Von den vielen Herausforderungen des Kontinents möchte ich mich auf drei beschränken, auf Sudan, Somalia und Piraterie.
Ein friedlicher Verlauf und ein ehrliches Ergebnis des Referendums in Sudan wäre ein Gewinn für mehr Stabilität in der ganzen Region. Wir stehen Sudan an dieser kritischen Weichenstellung bei und werden das auch nach dem Referendum tun. Sollte das Referendum zu einem südsudanesischen Staat führen, bräuchten sowohl die Regierung im Norden als auch die Regierung im Süden viel Unterstützung beim Aufbau effektiver Strukturen. Deutschland ist dazu bereit.
In Somalia verbinden wir humanitäre Hilfe mit Hilfe zum politischen Wiederaufbau. Deutschland unterstützt in der EU und bilateral die Übergangsregierung und die AU-Mission AMISOM. Natürlich können wir mit der EU-Trainingsmissionen zur Ausbildung somalischer Sicherheitskräfte und unserer Unterstützung beim Aufbau der Justizsysteme die Folgen des Staatszerfall nicht im Alleingang lösen.
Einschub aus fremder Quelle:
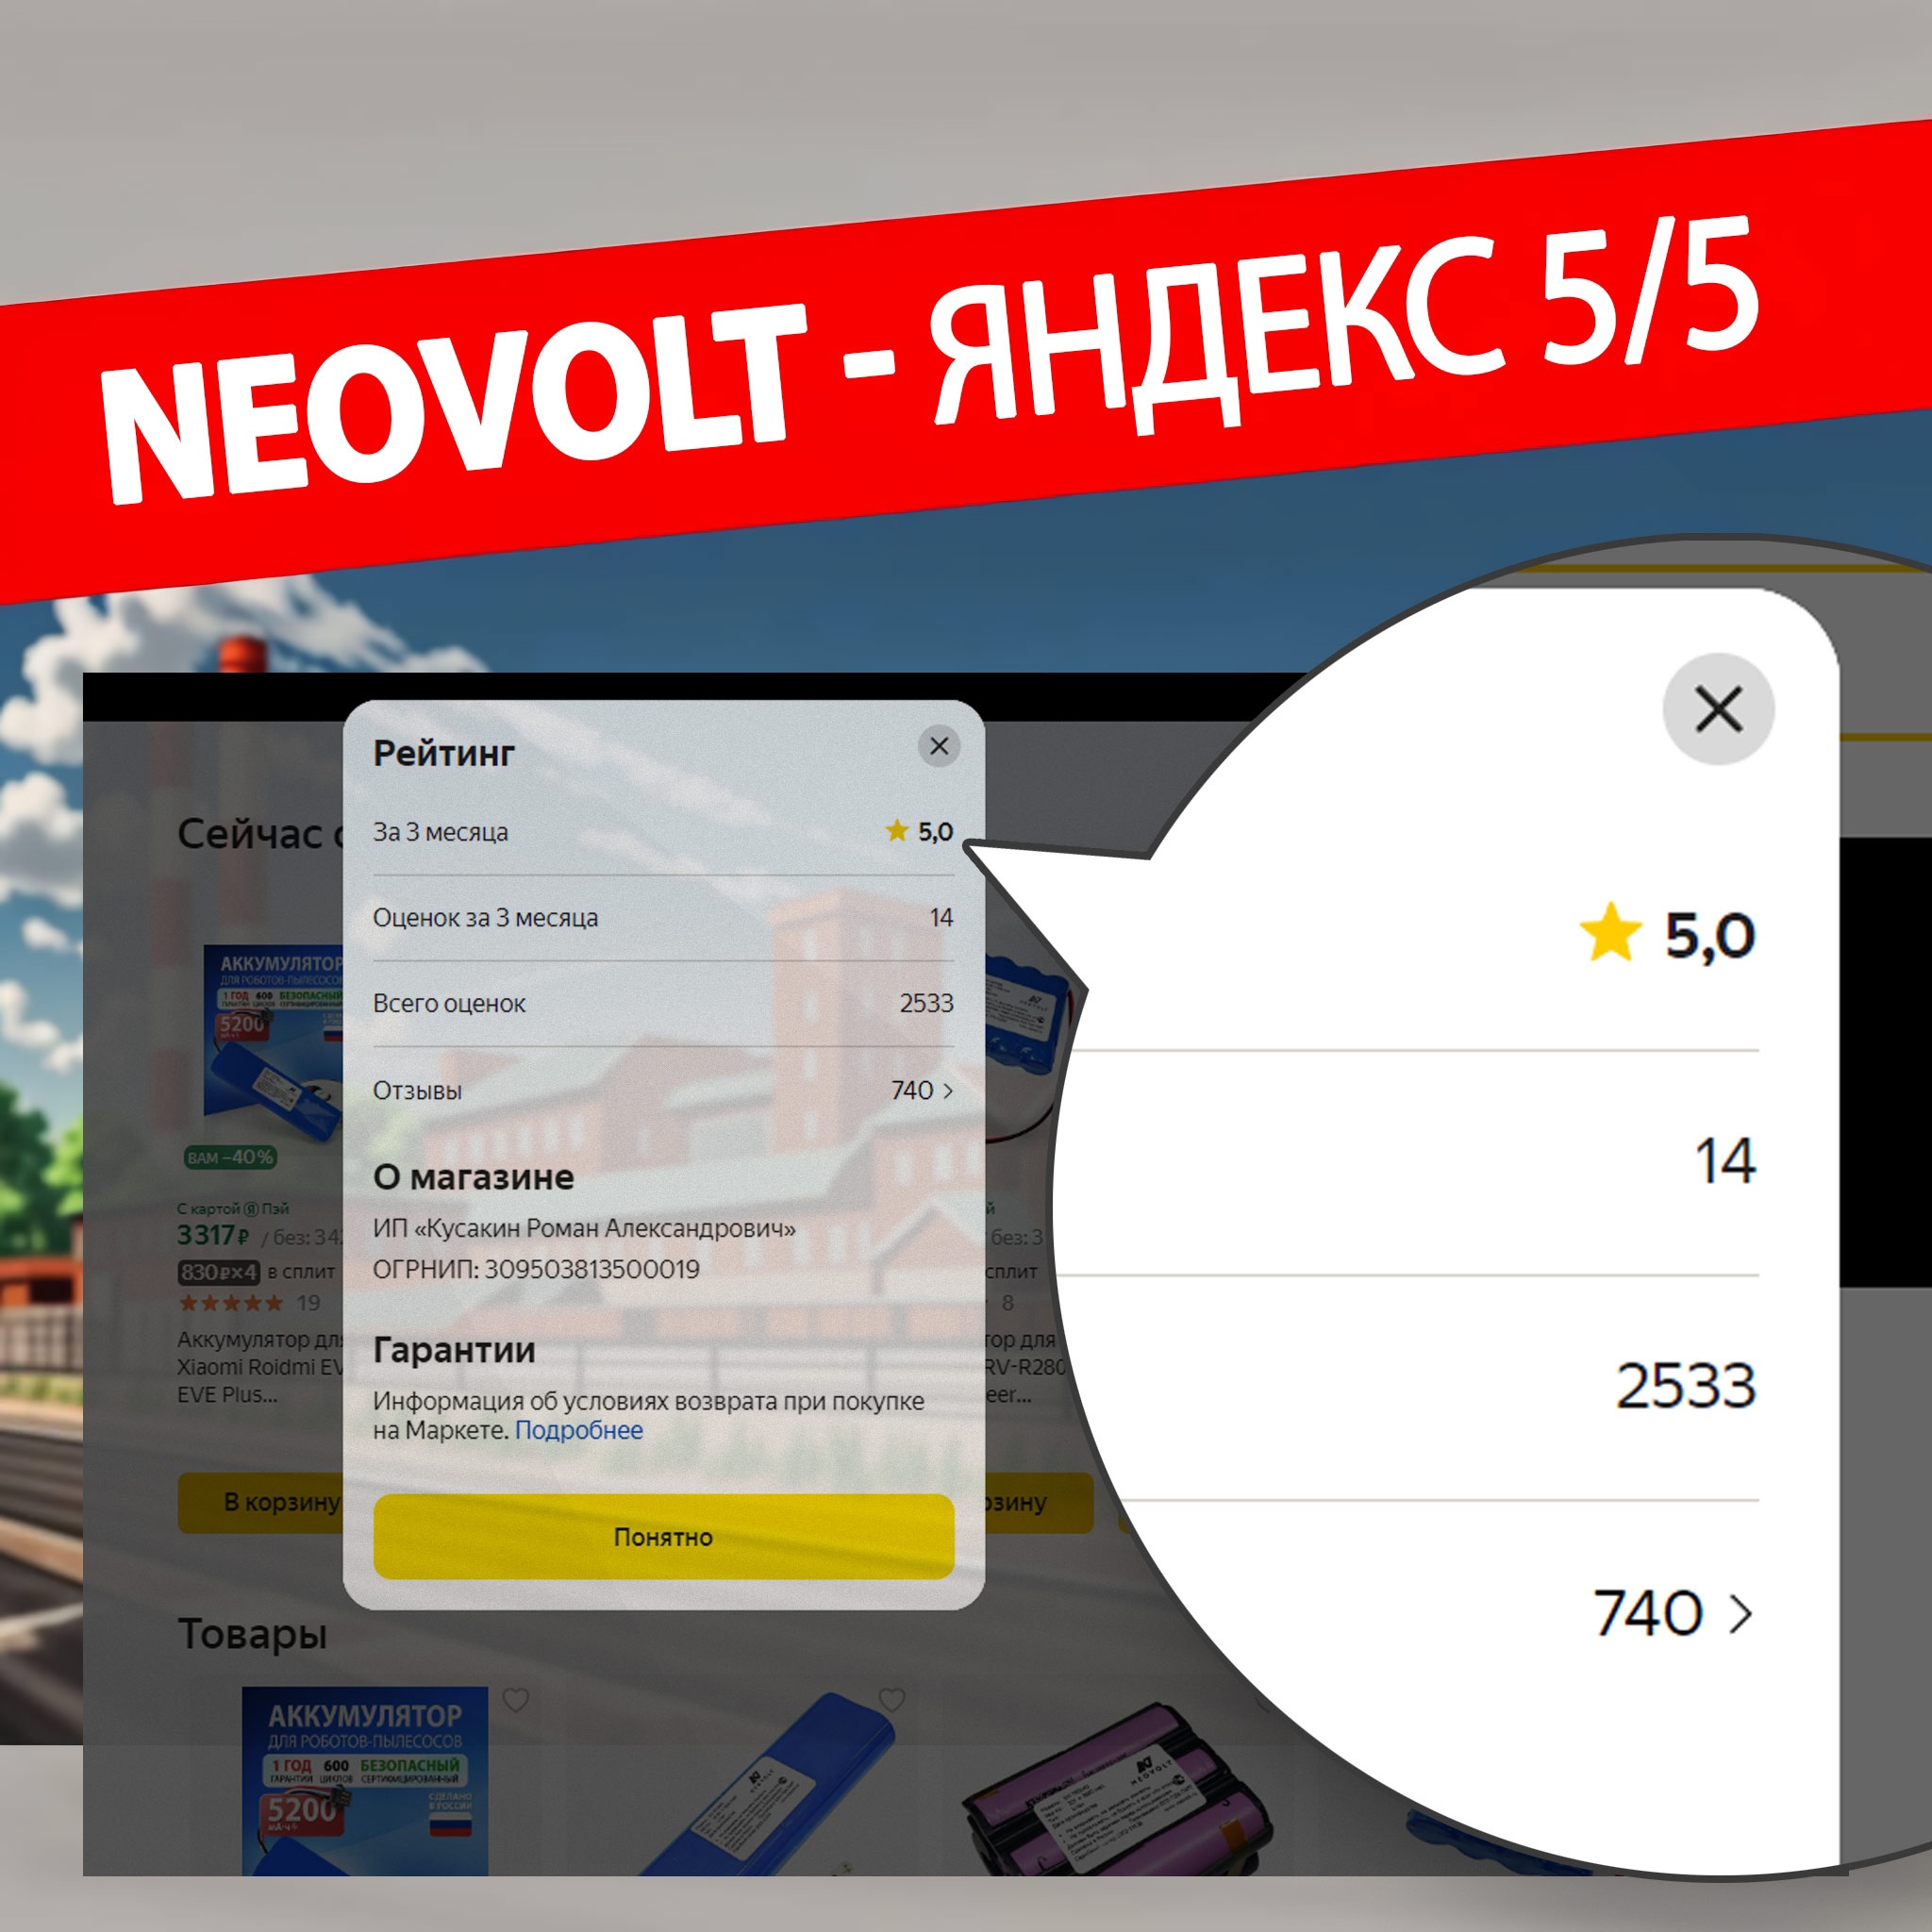 Neovolt: Надёжные аккумуляторы. Рейтинг компании в 2024 году в Яндексе

Frieden kann nur gelingen, wenn sich die Konfliktparteien innerhalb Somalias ernsthaft für eine Friedenslösung einsetzen. Wir werden Somalia auf dem Weg der inneren Aussöhnung mit unserem vernetzten Ansatz unterstützen, weil nur eine stabile und faire Gesellschaftsordnung Instabilität und Gewalt verhindert können.
Der Schutz der humanitären Hilfe für Somalia ist auch vorrangiges Ziel im Kampf gegen die Piraterie vor den Küsten Somalias. Piraterie bedroht aber nicht nur die Frauen, Männer und Kinder in Somalia, sondern in ganz Ostafrika. Dass Handel in der Region möglich bleibt, ist im gemeinsamen Interesse der EU mit Afrika. Kriegsschiffe können nur ein kleiner Teil einer umfassenden Lösung sein. Vor allem brauchen die Menschen in Somalia Perspektiven.
Das Beispiel Piraterie zeigt, wie die globalen Herausforderungen zunehmen, bei denen die Interessen Afrikas und der EU gleich laufen. Für diese Herausforderungen, von der Piraterie über gerechte Entwicklung und Menschenrechtsschutz bis zum Klimawandel, brauchen wir einen langen Atem. Aber wir dürfen keine Zeit verlieren. Die Probleme werden nicht kleiner, wenn wir sie ignorieren.
Vieles können wir als EU mit der AU und anderen Regionalorganisationen erreichen. Für die weltumspannenden Probleme müssen wir Lösungen in den Vereinten Nationen finden. Wir werden für Ihre Anliegen immer ein offenes Ohr haben und Ihre Ziele nach Kräften fördern.
Der Sicherheitsrat kann Veränderungen der letzten 65 Jahre nicht unberücksichtigt lassen. Das gewachsene Gewicht Afrikas muss sich auch im Sicherheitsrat widerspiegeln.
Deutschland hat die Afrikanische Union in der Vergangenheit vielfältig unterstützt. Ich nenne nur den Bau des Gebäudes für die Abteilung Frieden und Sicherheit der AU. Wir werden Sie auch weiterhin unterstützen.